Undresser.AI Undress
AI-powered app for creating realistic nude photos

AI Clothes Remover
Online AI tool for removing clothes from photos.

Undress AI Tool
Undress images for free

Clothoff.io
AI clothes remover

Video Face Swap
Swap faces in any video effortlessly with our completely free AI face swap tool!

Hot Article

Hot Tools

SAP NetWeaver Server Adapter for Eclipse
Integrate Eclipse with SAP NetWeaver application server.

VSCode Windows 64-bit Download
A free and powerful IDE editor launched by Microsoft

SecLists
SecLists is the ultimate security tester's companion. It is a collection of various types of lists that are frequently used during security assessments, all in one place. SecLists helps make security testing more efficient and productive by conveniently providing all the lists a security tester might need. List types include usernames, passwords, URLs, fuzzing payloads, sensitive data patterns, web shells, and more.

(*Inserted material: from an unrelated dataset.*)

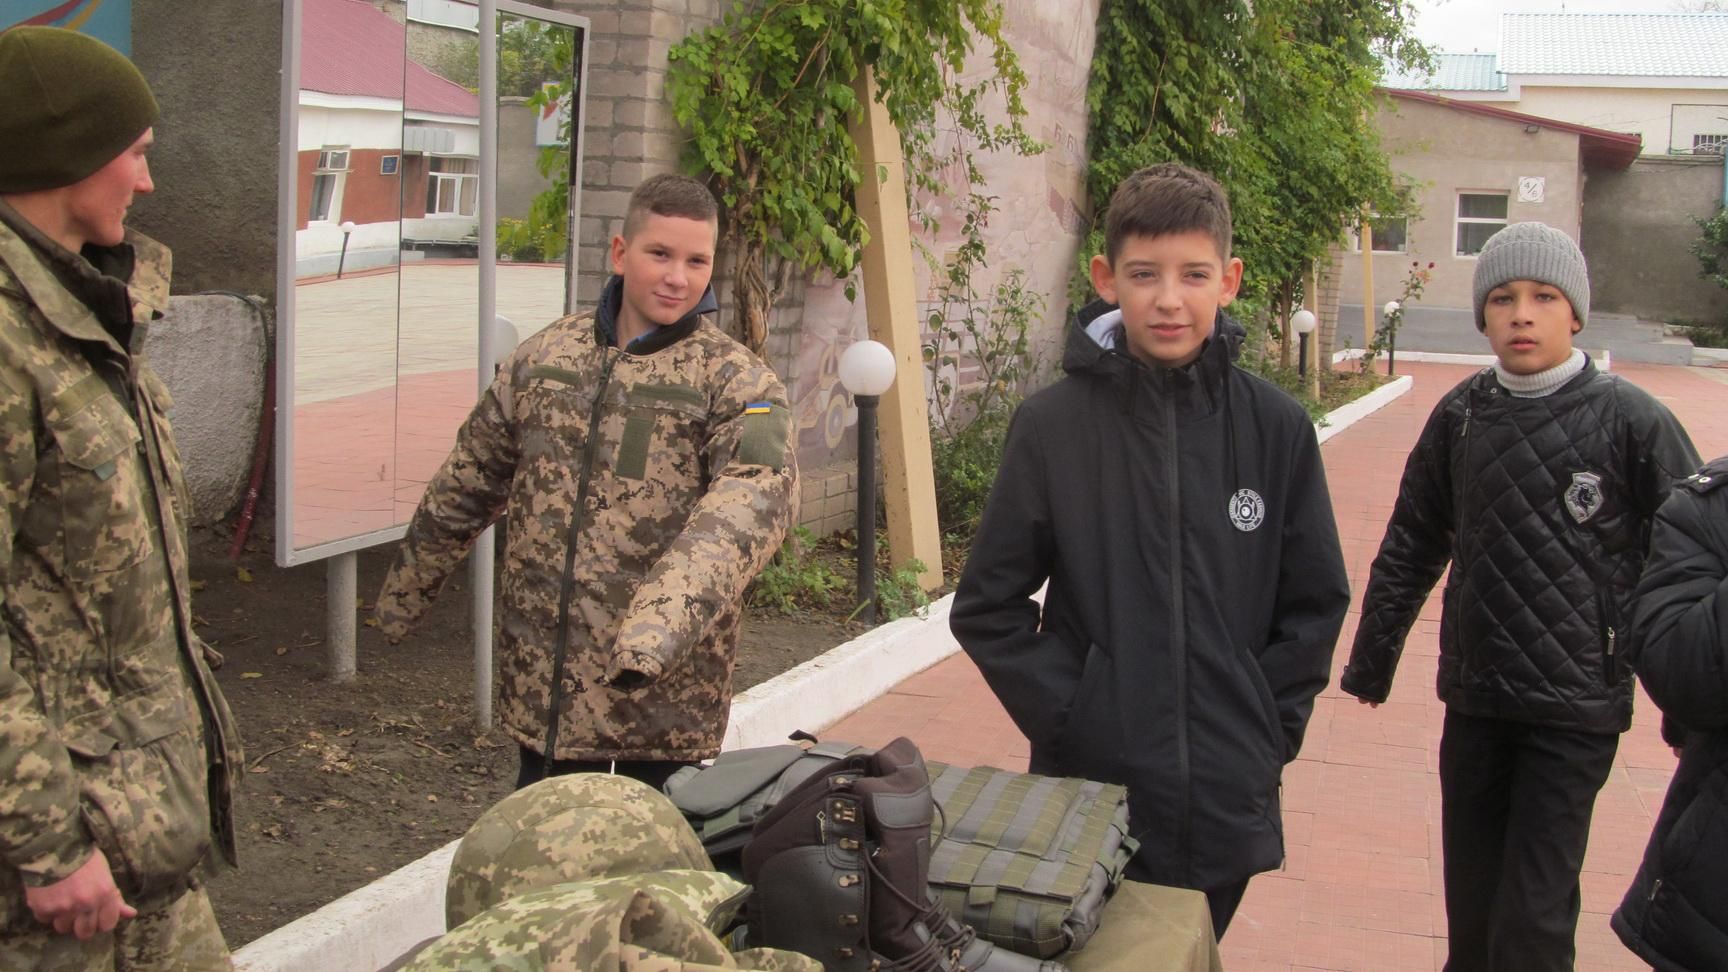 Курьезы призыва в армию: 12-летнему школьнику принесли повестку из военкомата в Киеве

The tester can simply pull this repository onto a new test machine and he will have access to every type of list he needs.

Notepad++7.3.1
Easy-to-use and free code editor

Safe Exam Browser
Safe Exam Browser is a secure browser environment for taking online exams securely. This software turns any computer into a secure workstation. It controls access to any utility and prevents students from using unauthorized resources.